# Spinal Disc Fusion - Alternatives / Success Stories



## dodonohoe (Apr 9, 2019)

Hello guys, 
I had a road bike accident a number of years back, which I am due for spinal surgery in 6 weeks time, and really worried reading horror stories Ive been reading on the internet.
According to my surgeon, I have advanced degeneration on the C5/C6, which is pinching on my nerves. This is going on a number of years, and ive almost exhausted all avenues of treatment. Im 40 years old. 
My surgeon reckons i will benefit greatly from c5/c6 fusion.. but hes a surgeon after all, and im worried i could completely screw up my life if things dont go well... alternative being just manage the current situation, which is not ideal either. Im damned if i do, and damned if i dont, and im scared to death of potential bad outcome.
I dont actually have any pain, per se, but have intense numbness in my shoulders and ribs.. and my body has basically collapsed around this tension... my left shoulder and ribs is chronically cranked up, right knee and hip not in a good place due to tension and imbalances above.. and basically struggling to walk at this stage... thankfully i can still cycle and do some basic bike trails.
I dont seem to be in as much pain as some people with disc issues, but i am effectively living a nightmare 
I just want to be active again.
Has anyone found alternatives to surgery i.e. herbal etc which might mitigate or put off surgery? Ill try anything at this stage, but i am coming very close to taking on surgery.
Some positive surgery stories will help also... just seems to be so many people suffering post-op when i research disc fusion


----------



## ortep66 (Aug 21, 2011)

That sucks. Had the surgery done in 1992 while in the military. They fused C5/C6 with cadaver bone. Long story short - had some very minor problems after surgery, but once got strength back the neck has been solid. Been mountain biking since 1996 and have had numerous surgeries, but no problems with neck(knock on wood).


----------



## KDS (Apr 29, 2004)

Had c3 thru c7 fused in January 2017 (I'm 61 now), was able to resume riding on a limited (due to also needing a hip replacement) basis in the spring of that year. Had the hip done in November 2017, back riding by late January 2018. Neck has been no problem for riding, but I try not to do anything crazy. I had one OTB crash a few weeks ago with no ill effects on the fusion. I had a great neurosurgeon, he explained the risks very honestly (there are risks associated with surgery, but if I didn't do it, I would lose use of my hands-made the decision easy, no regrets). Many of my problems (pain and weakness) were gone as soon as I woke up after surgery.


----------



## Eric B (May 23, 2004)

Based on what you've said, I'd say it's a no brainer, It's only gonna get worse. I type this as I'm 10 wks post op from ACDF C4-C6 and am 43. Very active, raced the BME and Scott Enduro series the last three years and some motocross too. I See my surgeon on Thursday with hopes of him releasing me for some light riding. This surgery is pretty well known as they do almost 200k a year, just research your surgeon and find one that your happy with. I live in Albuquerque, NM and went to Phoenix,AZ to have mine done. Still experiencing a few minor nerve issues but am told it should resolve in time. Also, look up Laura Wilikerson on YouTube, Olympic diver whi just had her C5-7 fused 3 months ago and is already back to diving.


----------



## dodonohoe (Apr 9, 2019)

Thanks for taking the time to reply guys 

Great to hear some really positive stories, definitely helps!! My surgeon is probably the best in the country (Ireland), so i have no concerns.

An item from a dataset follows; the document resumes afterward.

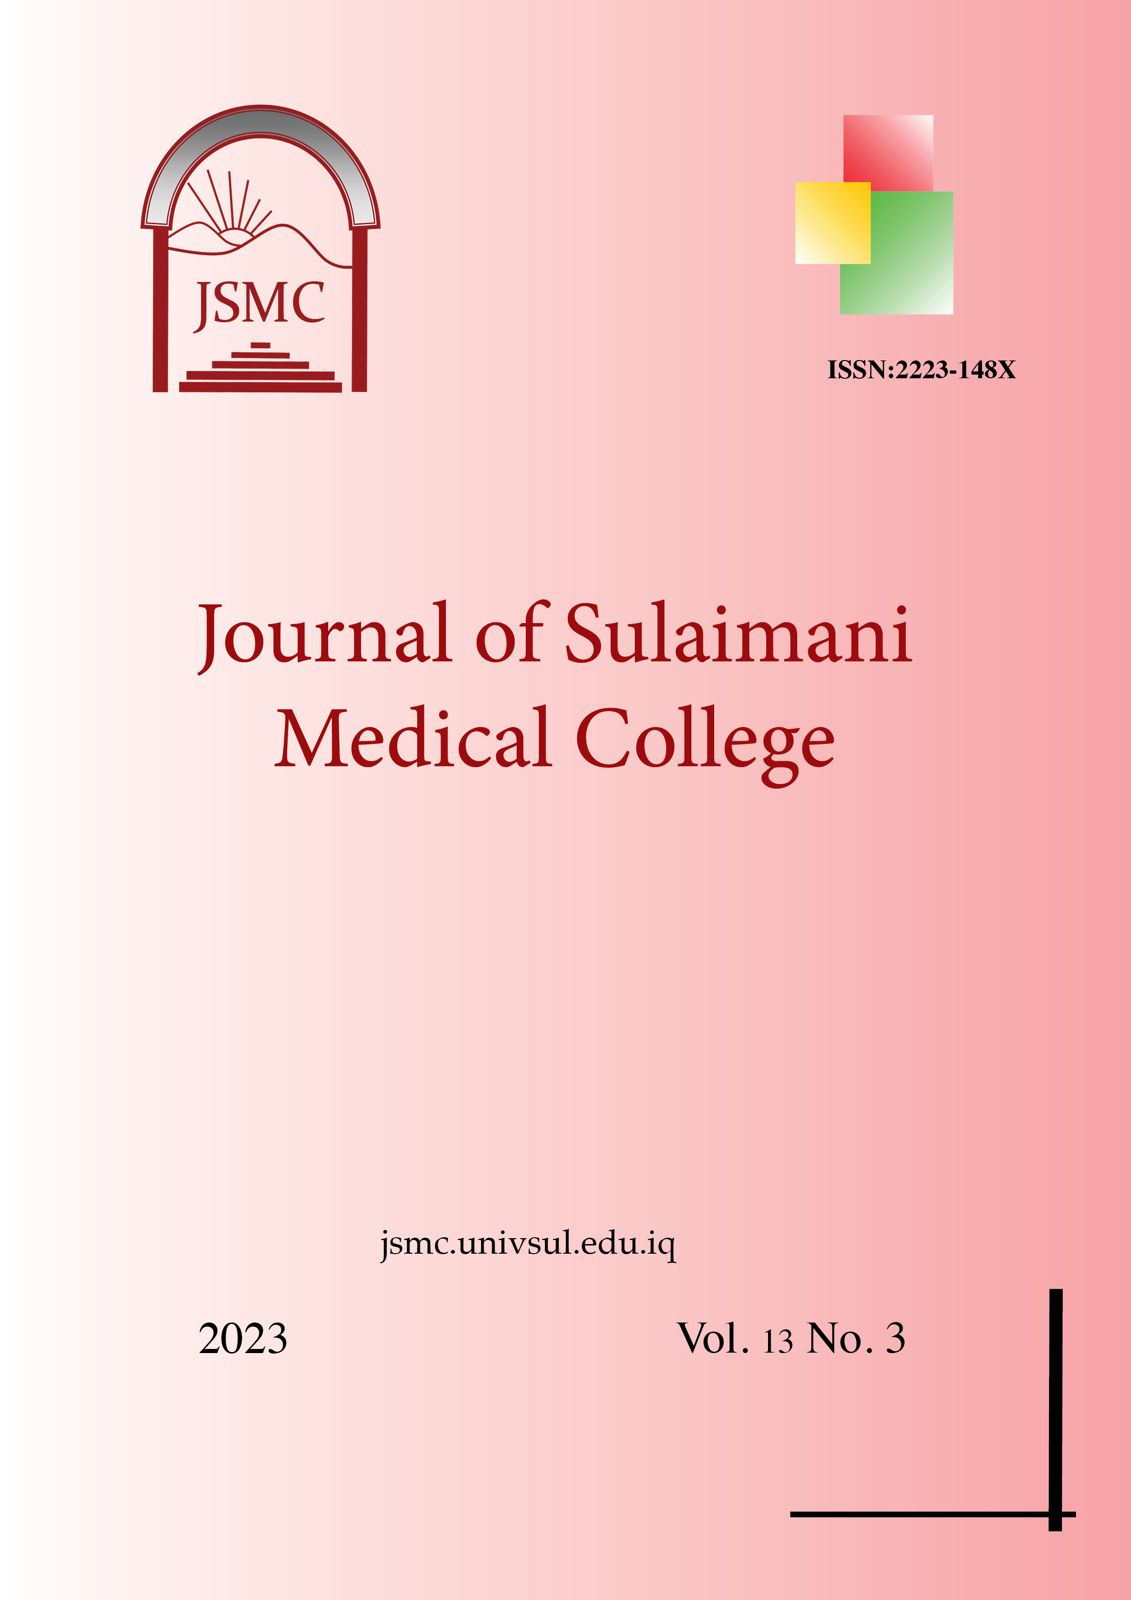 JSMC-vol13-no3-2023-Cover-Image

ill check out that youtube video, thanks again


----------



## Streetdoctor (Oct 14, 2011)

Stop reading online reviews also. It’s only people who have had “bad” experiences and there’s no way to Vet them either unless you know them personally. Physical therapy afterwards? Pre-surgery healthy? Lifestyle? Etc...


----------



## Cuyuna (May 14, 2017)

dodonohoe said:


> I dont seem to be in as much pain as some people with disc issues, but i am effectively living a nightmare
> I just want to be active again.
> Has anyone found alternatives to surgery i.e. herbal etc which might mitigate or put off surgery? Ill try anything at this stage, but i am coming very close to taking on surgery.
> Some positive surgery stories will help also... just seems to be so many people suffering post-op when i research disc fusion


You are pretty limited in options. Advanced degeneration in a 40 year-old caused by spine trauma suggests a low likelihood of success with non-surgical approach.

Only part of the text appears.